RecordDAWG.keys(prefix="xxx"), avg_len(res)==415: 1.429K ops/sec
RecordDAWG.keys(prefix="xxxxx"), avg_len(res)==17: 36.994K ops/sec
RecordDAWG.keys(prefix="xxxxxxxx"), avg_len(res)==3: 121.897K ops/sec
RecordDAWG.keys(prefix="xxxxx..xx"), avg_len(res)==1.4: 265.015K ops/sec
RecordDAWG.keys(prefix="xxx"), NON_EXISTING: 2450.898K ops/sec

Under CPython expect it to be about 50x slower.
Memory consumption of DAWG-Python should be the same as of `DAWG`_.

.. _marisa-trie: https://github.com/kmike/marisa-trie

Current limitations
===================

* This package is not capable of creating DAWGs;
* all the limitations of `DAWG`_ apply.

Contributions are welcome!

Contributing
============

Development happens at github: https://github.com/kmike/DAWG-Python
Issue tracker: https://github.com/kmike/DAWG-Python/issues

Feel free to submit ideas, bugs or pull requests.

Running tests and benchmarks
----------------------------

Make sure `tox`_ is installed and run

::

$ tox

from the source checkout.

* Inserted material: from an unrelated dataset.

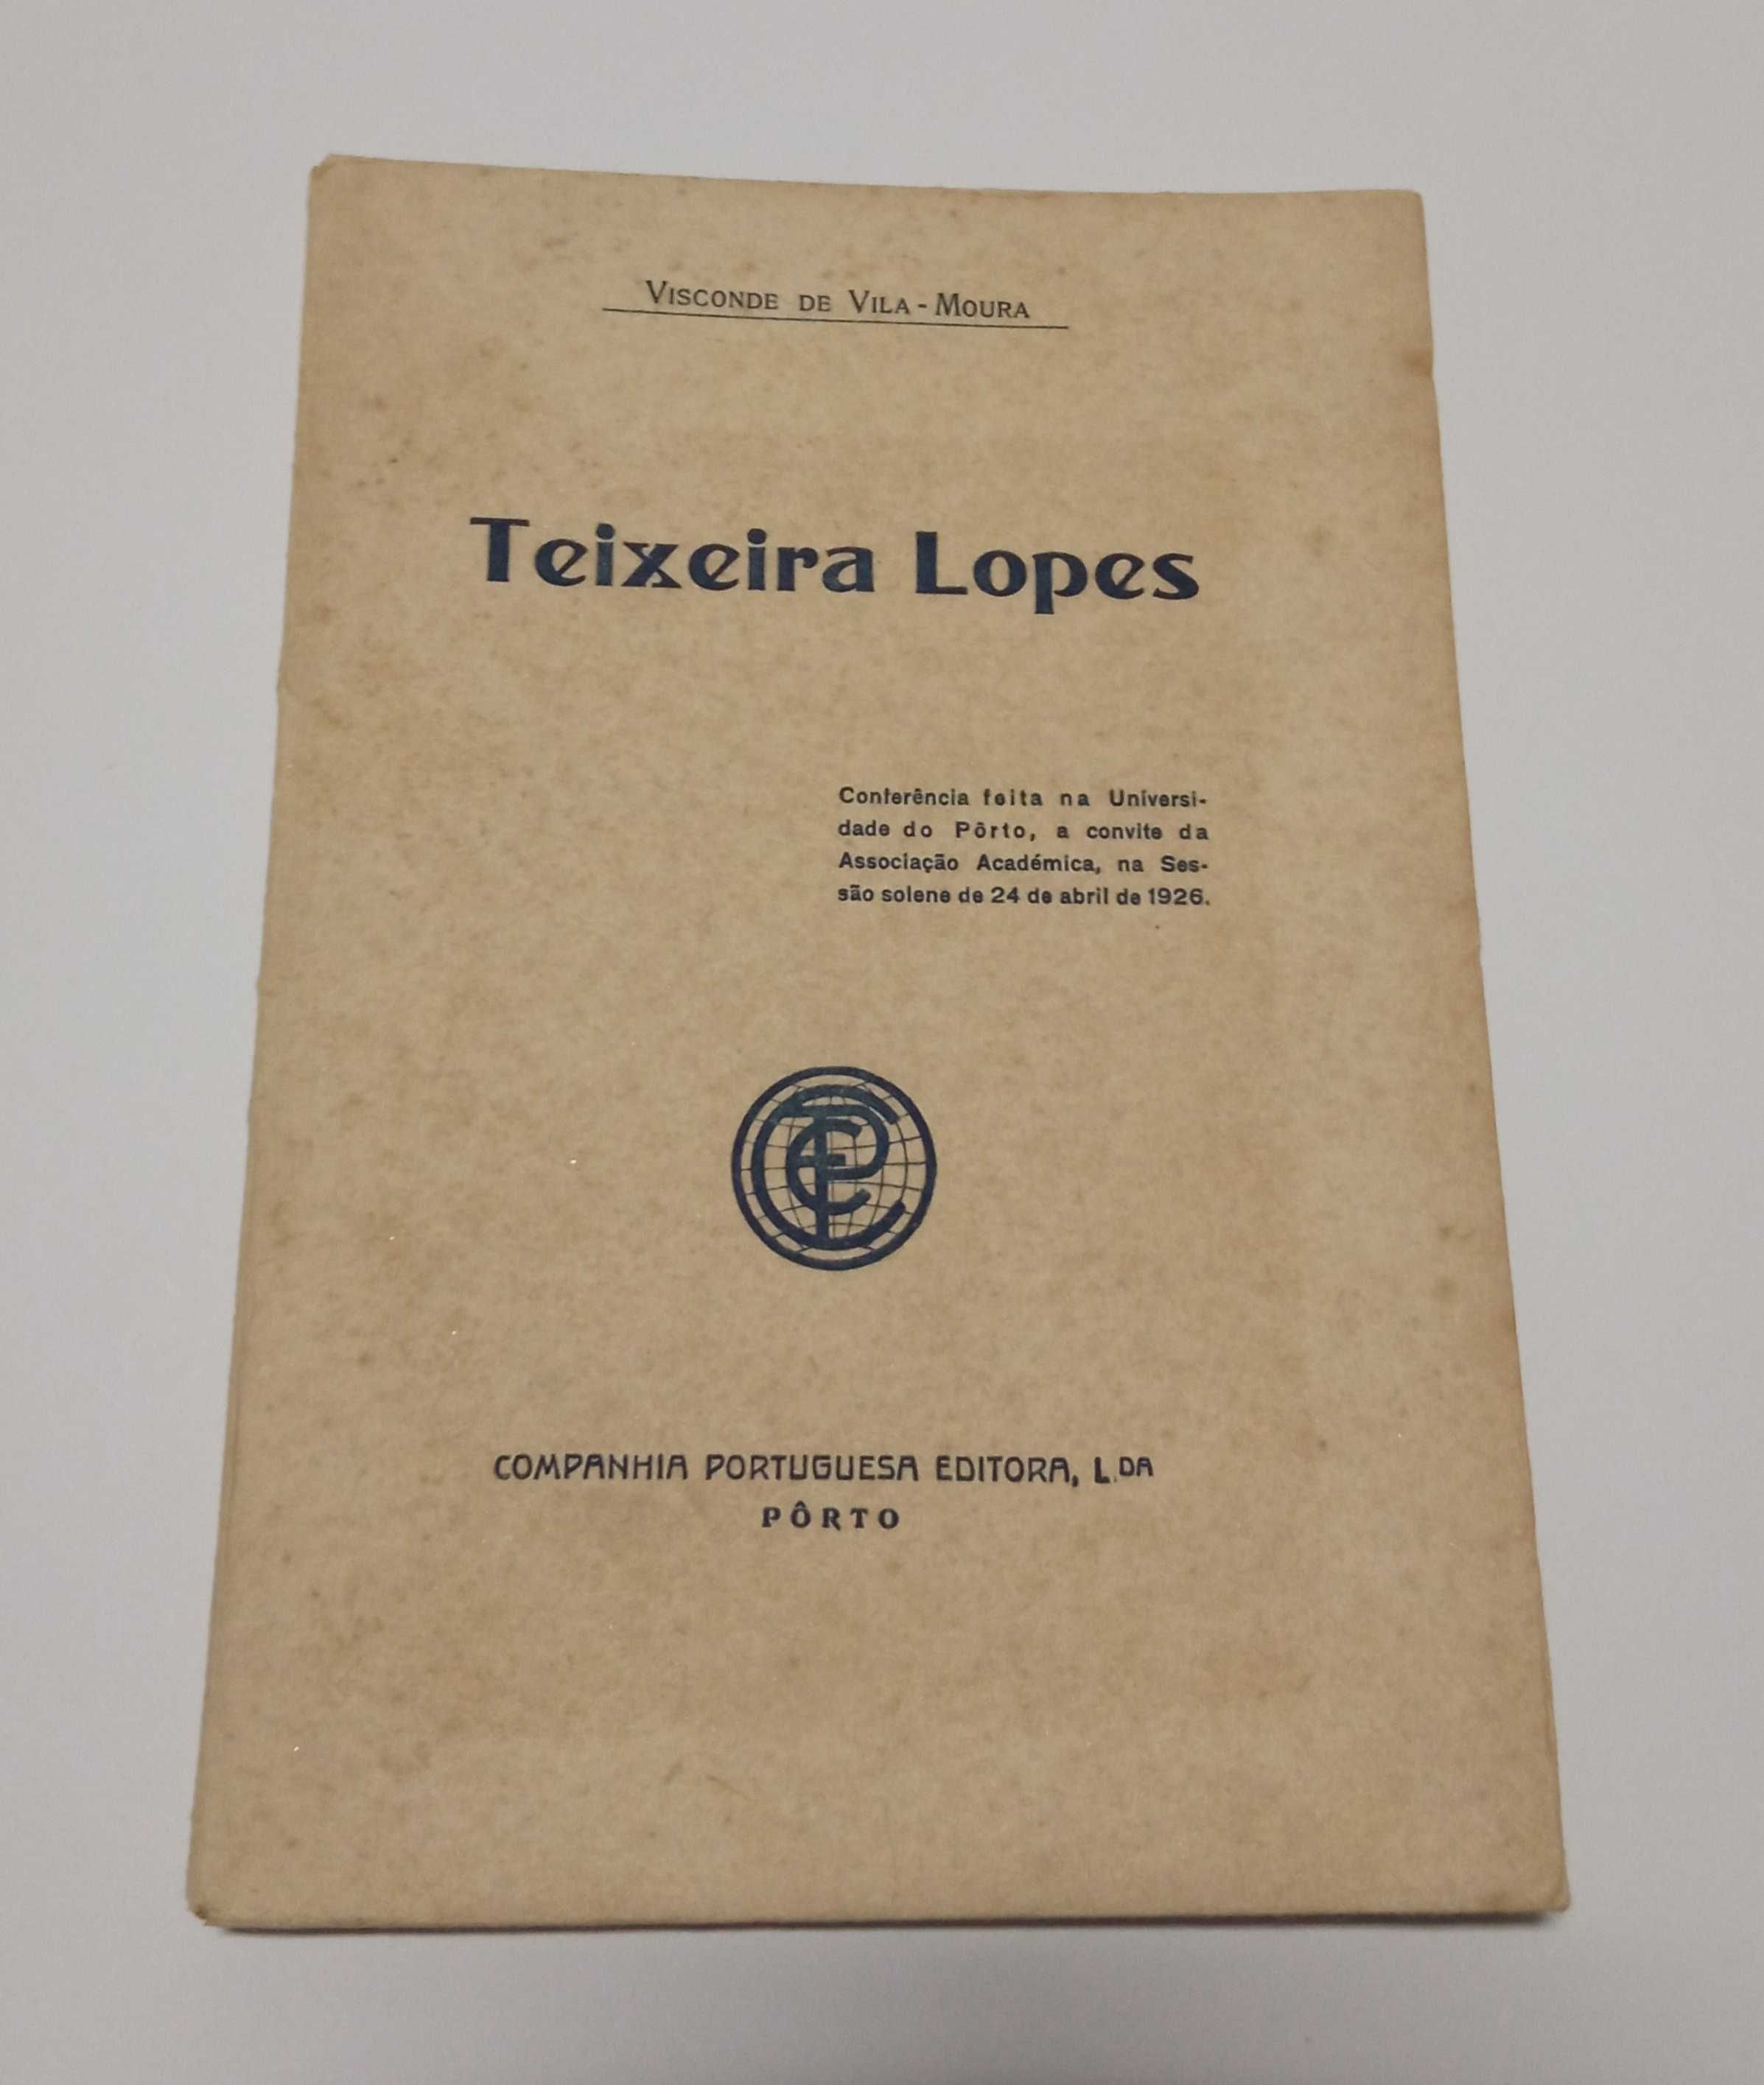 Com dedicatória: Teixeira Lopes, pelo Visconde de Vila-moura, de 1926

Tests should pass under python 2.6, 2.7, 3.2, 3.3,
3.4 and PyPy >= 1.9.

In order to run benchmarks, type

::

$ tox -c bench.ini -e pypy

This runs benchmarks under PyPy (they are about 50x slower under CPython).

.. _tox: http://tox.testrun.org

Authors & Contributors
----------------------

* Mikhail Korobov

The algorithms are from `dawgdic`_ C++ library by Susumu Yata & contributors.

License
=======

This package is licensed under MIT License.